Pooja Dhingra winner of La Liste's Game Changer award
This award went to Indian chef Pooja Dhingra who after tasting macarons in Paris while training at Le Cordon Bleu, returned to Mumbai and opened her first macaron store in March 2010. Today she is the owner of Le15 Patisserie, a chain of seven shops in India that specialise in macarons and other French desserts. Chef Dhingra is also the author of seven books including The Big Book of Treats.
Italian chef Iginio Massari was honored for a lifetime of excellence, mentorship, and dedication to his craft.
Afternoon Tea at San Regis Paris by Jessica Prealpato
Surprisingly this award was shared by a French cafe and one based in Hong Kong, rather than to an English one. The Gouter by Jessica Prealpato, San Regis (Paris, France) offers a nature-inspired, terroir-driven goûter that reinvents the French afternoon tradition. The Butterfly Room, Rosewood (Hong Kong) serves an afternoon tea by Jonathan Soukdeo in a beautiful jewel-toned salon of one of Asia's top hotels.
Another shared award as there were so many brilliant chefs to choose from. Julien Aboutmad of The French Bastards (Paris & Lille, France) creates bold, unapologetic, defiant pastry and viennoiserie with street appeal and high standards. Yazid Ichemrahen of Ytime, (Doha, Qatar); Ycone, (Courchevel & Bahrain); Royal Monceau; Raffles; and At Home, (Paris, France). This visionary entrepreneur is reshaping luxury pastry through concept stores, international reach, and inclusive storytelling.

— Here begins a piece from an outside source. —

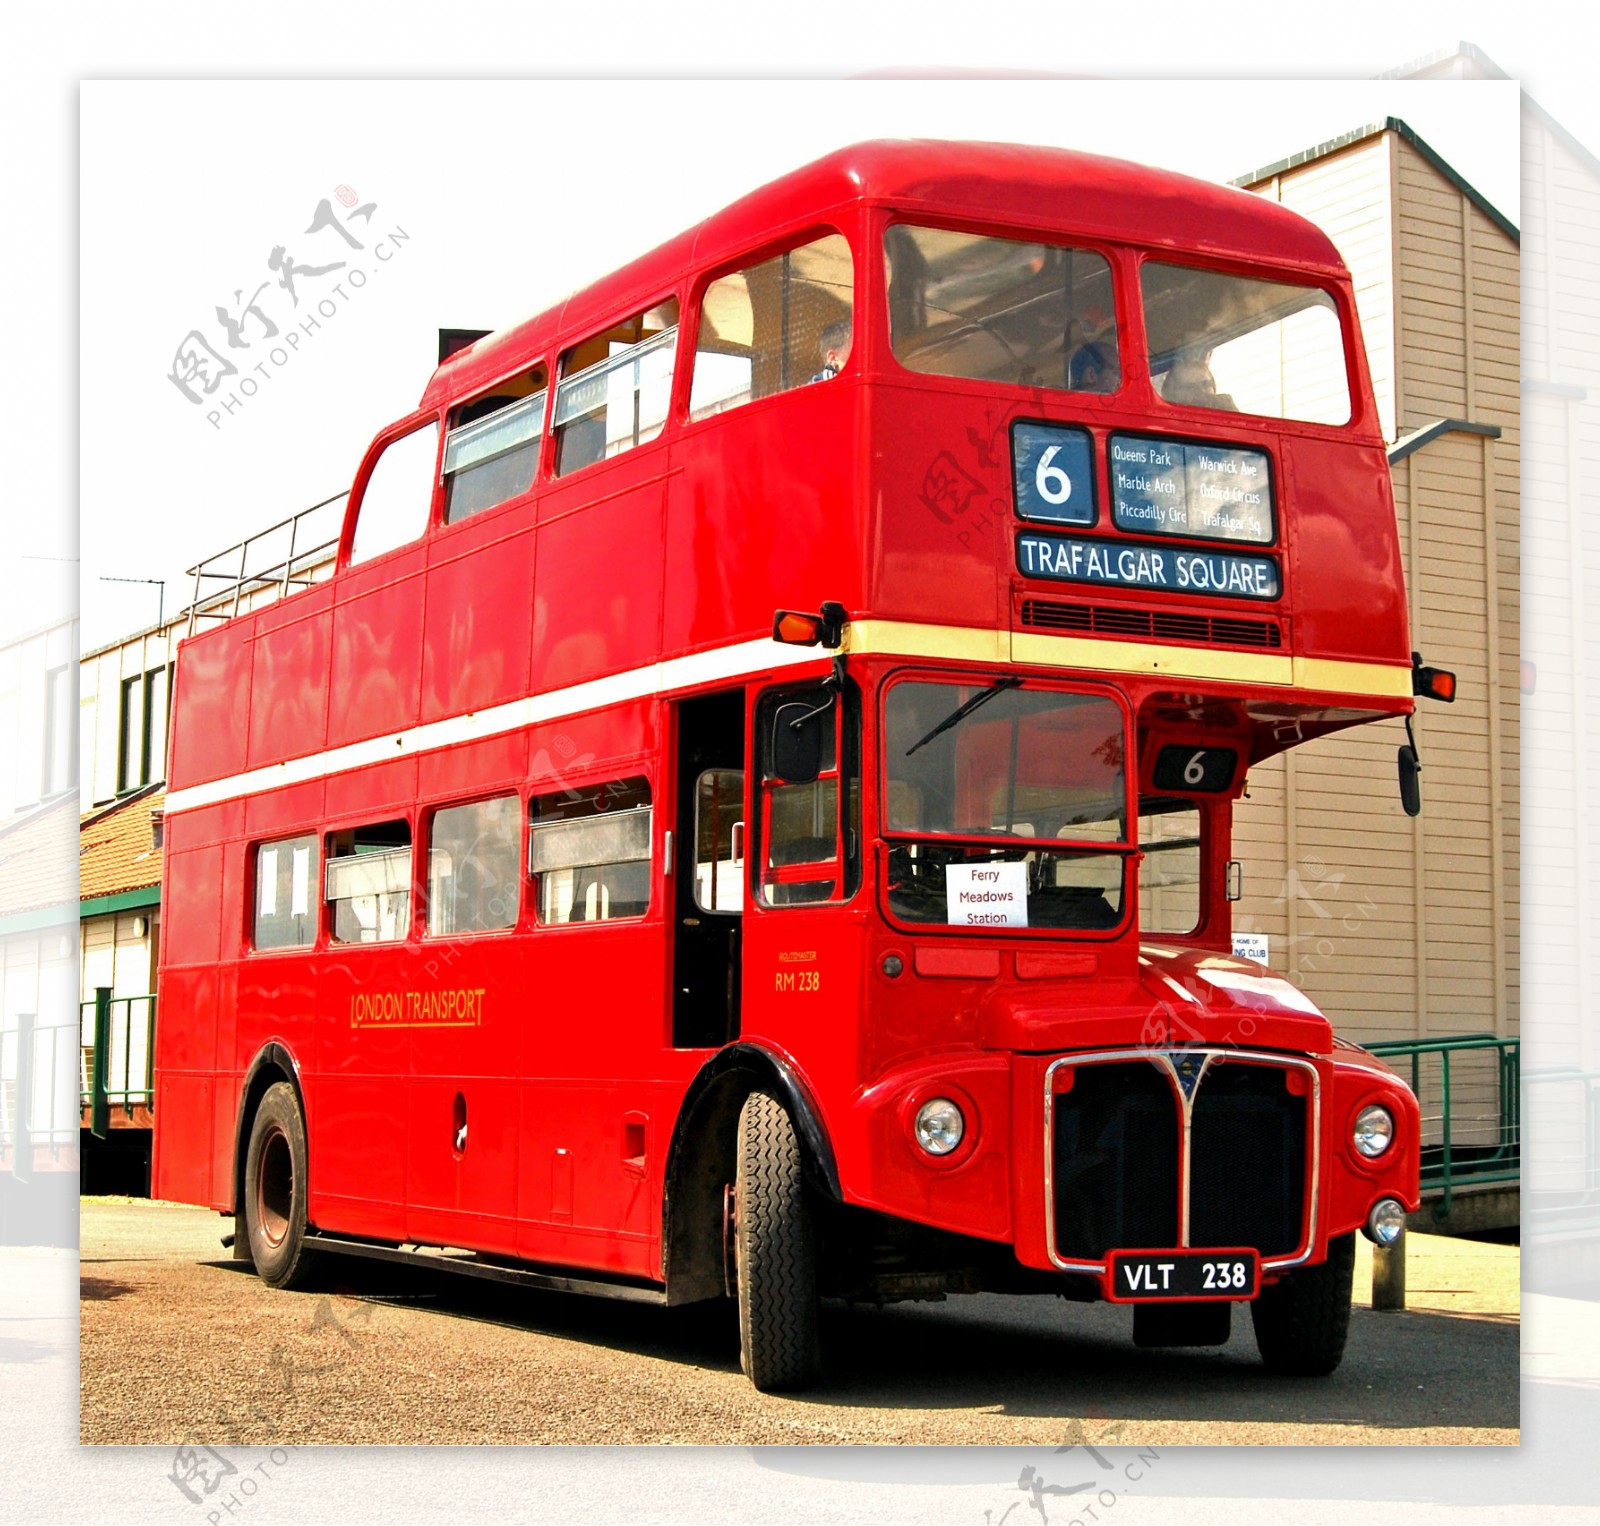 英国双层巴士图片

A shared award with five supremely creative British, French, American, UAE, and Singapore pastry chefs. Lily Jones of the cult East London cake shop Lily Vanili has a real flair for mixing artistry with flavor. Melanie and Arnaud Mathez of Le Jardin Sucré (Paris, France) are a pastry duo with a loyal following, known for their fruit-forward finesse and delicate signature tarts. Hannah Ziskin of Quarter Sheets (Los Angeles, USA) serves up excellent pastries in a neighborhood pizzeria with a West Coast spirit. Tom Coll of Les Desserts at Jumeirah Burj Al Arab (Dubai, United Arab Emirates) creates haute pâtisserie with French finesse at one of the world's most iconic hotels. Makoto Arami at Ami Patisserie (Singapore) is Japanese meets Parisian with superbly refined pastries as a result.
Ethical and Sustainability award went to Claire Heitzler
The two winners are Patisserie Claire by Claire Heitzler (Levallois Perret, France) capturing the essence of the natural world with exemplary sourcing and sustainability and Green Rabbit by Mathias Dahlgren (Stockholm, Sweden) who uses Nordic grains and natural levains at his bakery.

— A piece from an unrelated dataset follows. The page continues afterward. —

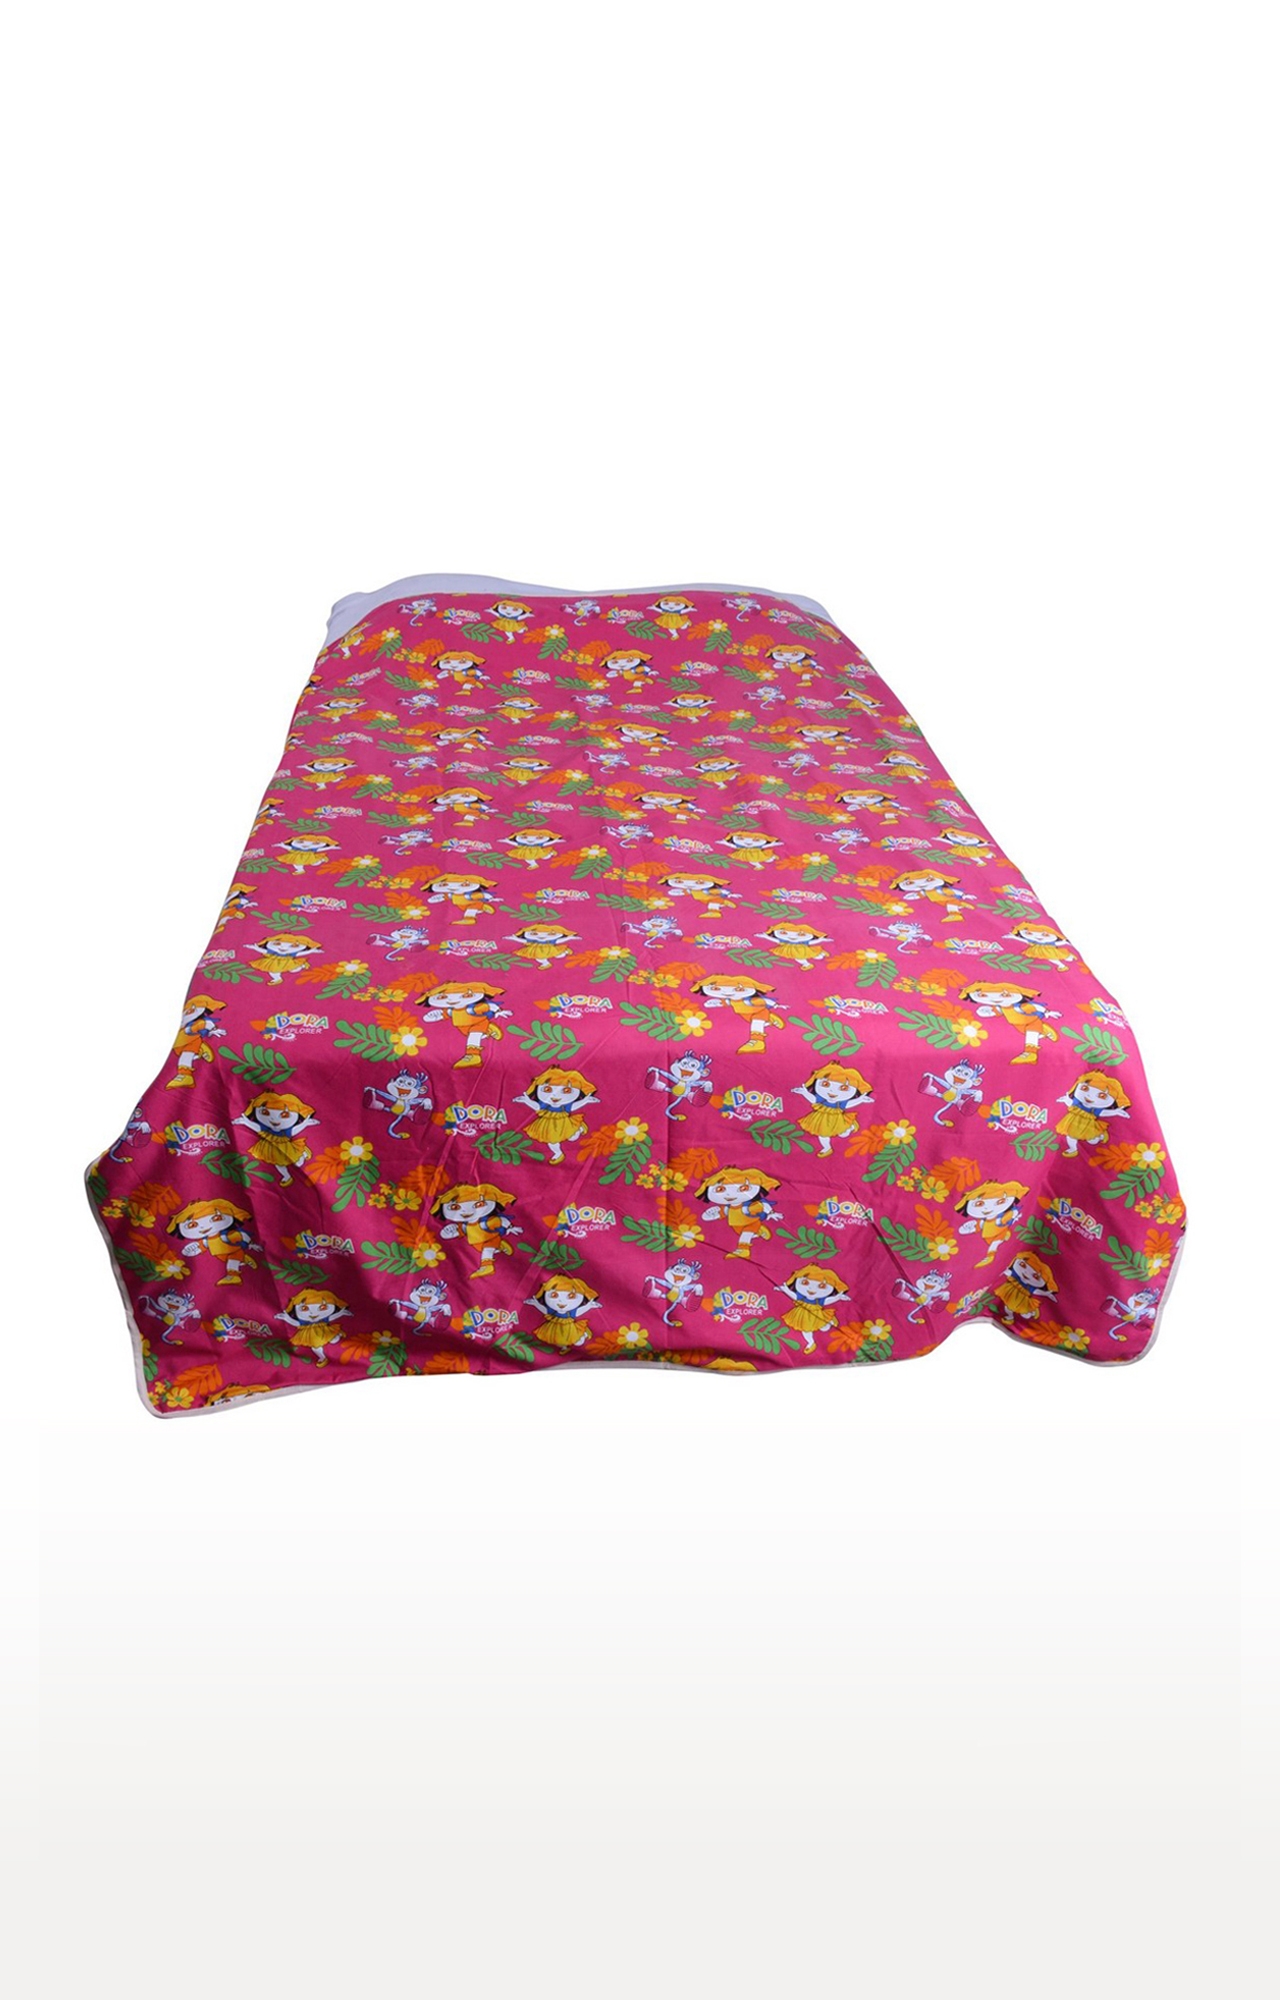 V Brown | Dora Explorer Printed Cotton 3 Layer Single Bed Quilt Dohar

Ducobu by Marc Ducobu (Waterloo, Belgium) offers classic pastry savoir-faire upheld with integrity and elegance in a lovely shop near Brussels.
Sweet Sage Patisserie from Thibaut Honajzer & Alix Marin (Lausanne, Switzerland); Aya Belkahia, by Aya Belkahia (Aya Belhahia, Casablanca, Morocco); Paseleria Pia by Pia Salazar & Alejandro Chamorro (Quito, Ecuador); Scoff at the Savoy by Nicolas Houchet, London; Le Fournil, Chez Paillat by Nina Métayer (La Rochelle, France); Patisserie Cafe Sebastien Vauxion by Sébastien Vauxion (Annecy, France); Neja Patisserie from Germain Decreton, Iris Rouche & Rayane Rebouh (Lille, France); Patisserie &Tea Time Mandarin Oriental by Julien Dugourd (Paris, France) and La Matiere by Florian Barbarot & Pierre-Henry Lecompte (Paris, France)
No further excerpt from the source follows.